In position basis, $\psi(x_o)=\langle x_o|\psi\rangle$ where $|\psi\rangle=\int dx|x\rangle\psi(x)$
So, we have defined $\langle x_o|x\rangle=\delta(x-x_o)$
Thus, $\langle x_o|\psi\rangle=\langle x_o|\Big(\int dx|x\rangle\psi(x)\Big)=\int dx\langle x_o|x\rangle\psi(x)=\int dx\delta(x-x_o)\psi(x)=\psi(x_o)$
Now, suppose we have an operator $\hat A=\frac{d}{dx}$
$\hat A\psi(x) = \psi'(x)$
So, $\hat A\psi(x)\Big|_{x_o} = \psi'(x)\Big|_{x_o}=\psi'(x_o)$
By the definition of differentiation we get, $\psi'(x_o)=\lim\limits_{\epsilon\to 0}\frac{\psi(x_o+\epsilon)-\psi(x_o)}{\epsilon}\tag{1}$
$(1)$ can be written as $\langle x_o|\hat A\psi\rangle=\lim\limits_{\epsilon\to 0}\frac{\langle x_o+\epsilon|\psi\rangle-\langle x_o|\psi\rangle}{\epsilon}\tag{2}$
$\langle x_o|\hat A\psi\rangle=\Big(\lim\limits_{\epsilon\to 0}\frac{\langle x_o+\epsilon|-\langle x_o|
}{\epsilon}\Big)|\psi\rangle=\frac{d}{dx}\langle x_o|\psi\rangle=\hat A\langle x_o|\psi\rangle\tag{3}$
This manipulation has also been used to find the expression wavefunction in position basis as the superposition of the momentum eigenkets because $(3)$ gives us a differential equation.

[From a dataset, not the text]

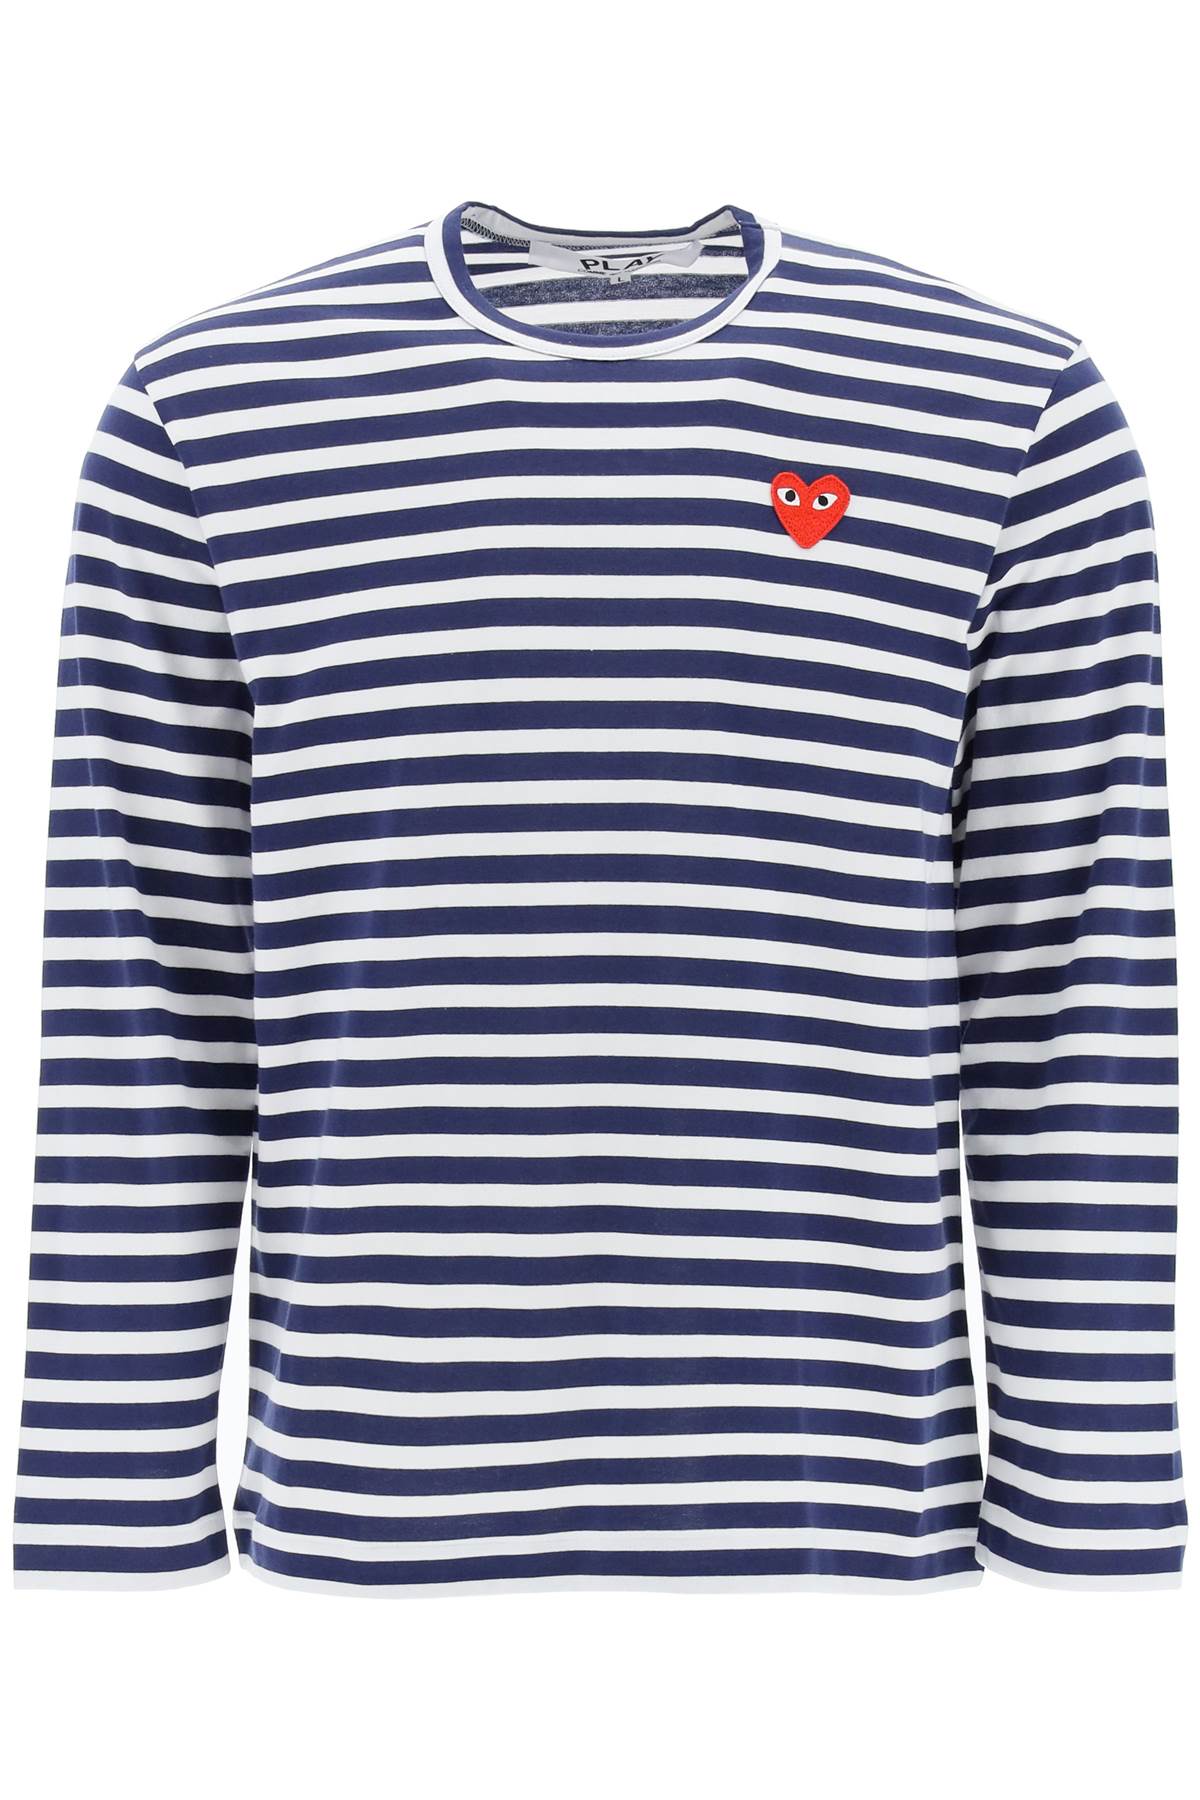 Comme des Garçons Play Striped Long-sleeved T-shirt
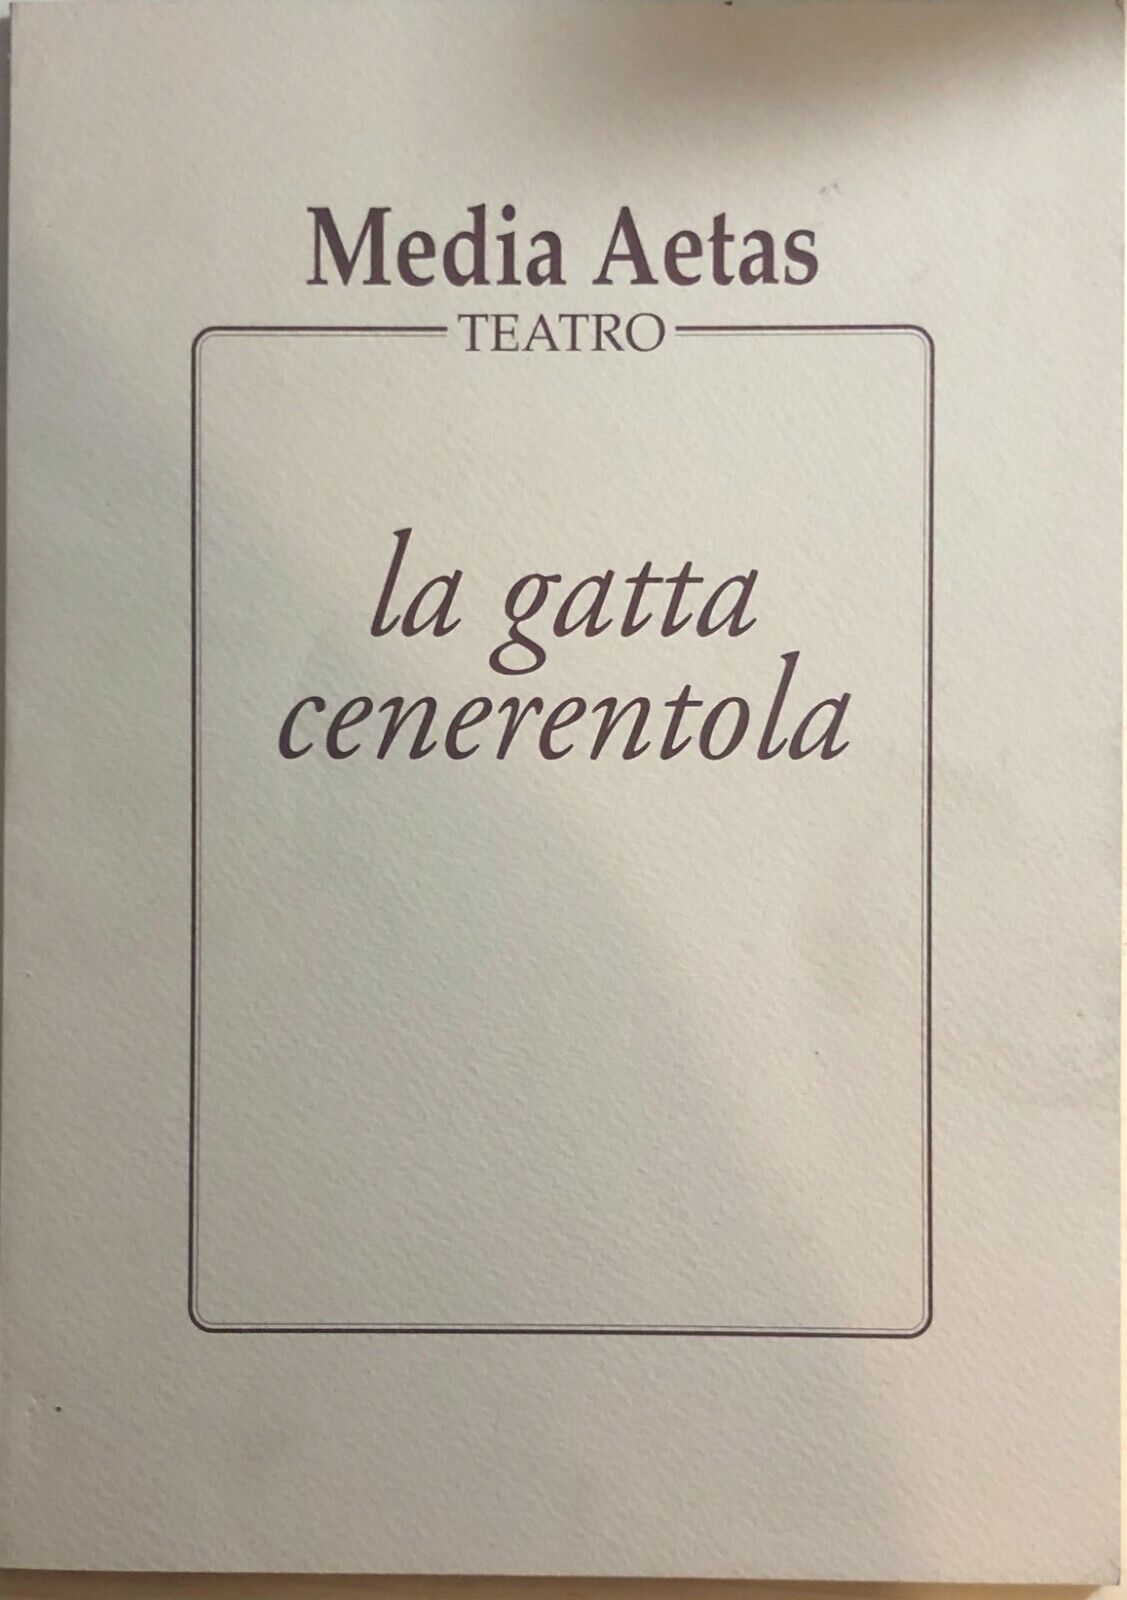 La gatta cenerentola di Media Aetas Teatro, 1997, Legma Srl

I want to know in the RHS of $(3)$ whether we should have $\hat A$ or $\hat A^\dagger$. Because for the given $\hat A$ (which is not hermitian), $\hat A^{\dagger}=-\hat A$
I have tried to write $(3)$ in the form of functions instead of vectors.
$(2)$ can be written as
$\int\delta(x-x_o)\hat A\psi(x)dx = \int\delta(x-x_o)\psi'(x)dx$
Using integration by parts we get,
$\int\delta(x-x_o)\hat A\psi(x)dx = -\int\delta'(x-x_o)\psi(x)dx = \int-\hat A\Big(\delta(x-x_o)\Big)\psi(x)dx\tag{4}$
The RHS of $(3)$ suggests that $\int\delta(x-x_o)\hat A\psi(x)dx = \hat A\int\delta(x-x_o)\psi(x)dx\tag{5}$
Doubts
(i) In the RHS of $(3)$ would we have $\hat A$ or $\hat A^\dagger=-\hat A$. I feel that it would be $\hat A^\dagger$ because we are sort of transferring the derivative, but the $(3)$ suggests that it is $\hat A$.
(ii) While proving $(3)$ using the functions instead of vectors, I got stuck in $(4)$. I am not able to justify how we can take $\hat A$ out of the integral to get $(5)$.